Funny Names

Some thread in the Pit mutated into a thread about funny names. However, it looks like it’s petered out, so I’m posting this in a little more appropriate area. Anyway, here’s some of my pics:

An obgyn from my hometown: Flamen Ball
Apparently, this isn’t that uncommon of a name. Doing a websearch to see if I could find the fellow, I found out a former U.S. Attorney shared the name. That would make him “the Honorable Flamen Ball”.

Producer/writer/etc:
Peter Guber
(also amusing - he frequently teams up for projects with Jon Peters)

When filling out surveys in high school, I always preferred Ben Dover, Mike Hunt, and I. M. [insert dirty word].


“And little Sir John and the nut brown bowl proved the strongest man at last”

I used to work with a guy in San Diego named Fig Newton.

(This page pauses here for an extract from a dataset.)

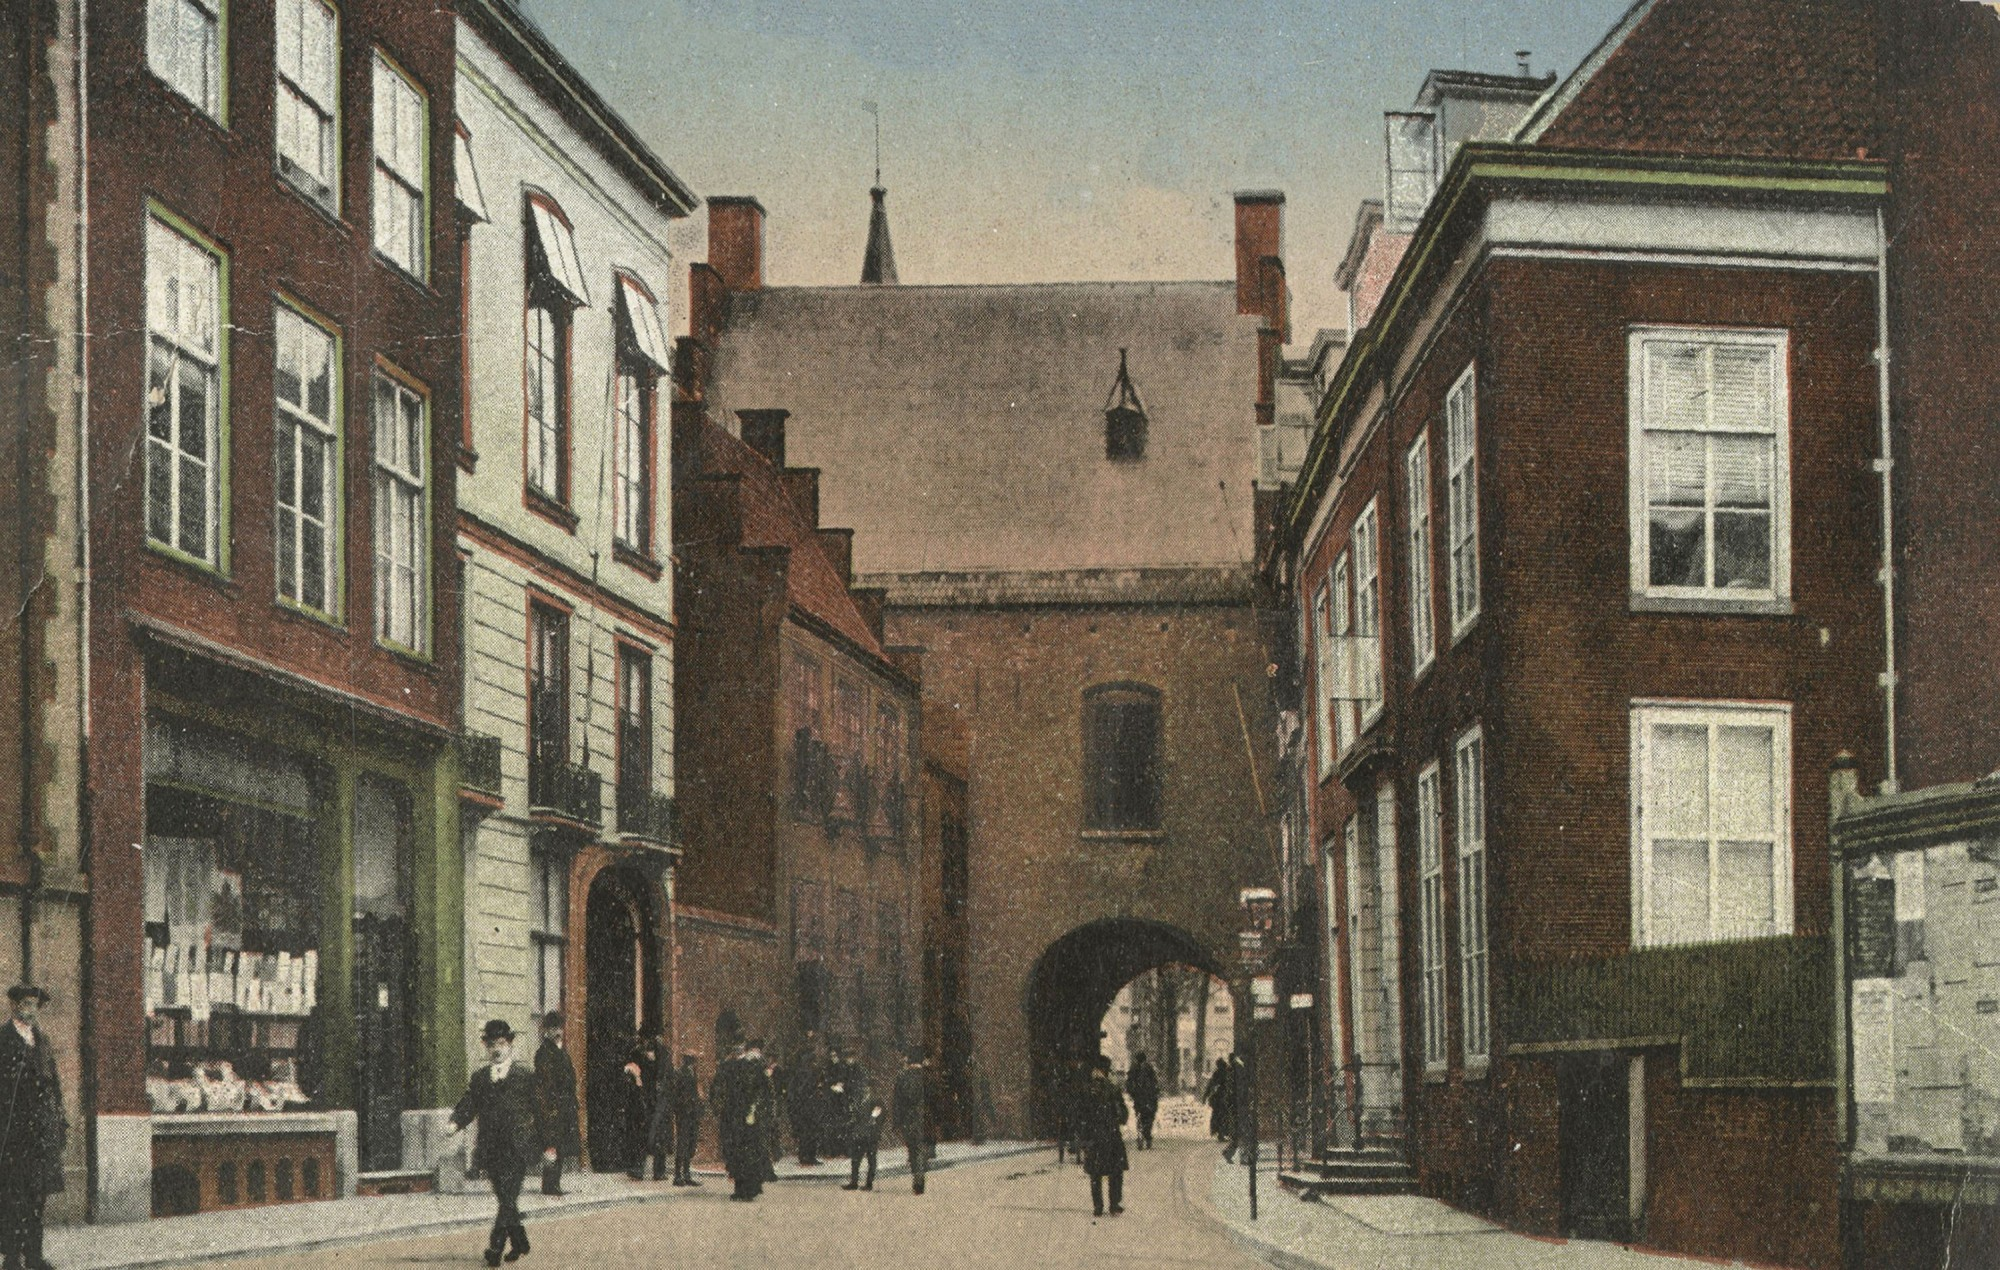 Groeten uit Den Haag - Honderd jaar veranderingen in de stad

I don’t know if his parents named him that, but that’s what it said on his drivers license and paycheck. I’ve also met a nurse named Rose Bush.

<< I used to work with a guy in San Diego named Fig Newton. I don’t know if his parents named him that, but that’s what it said on his drivers license and paycheck. I’ve also met a nurse named Rose Bush. >>

I work with a lady named Rose Bush. She was just hired about six months ago to be the day shift supervisor. I did a double take the first time I heard her name too. Of course, I knew a guy in hight school named Tom whose mom remarried and wanted her son to take his new stepdad’s last name. The problem was that his stepdad’s last name was Jefferson. My friend decided to stay with his old last name.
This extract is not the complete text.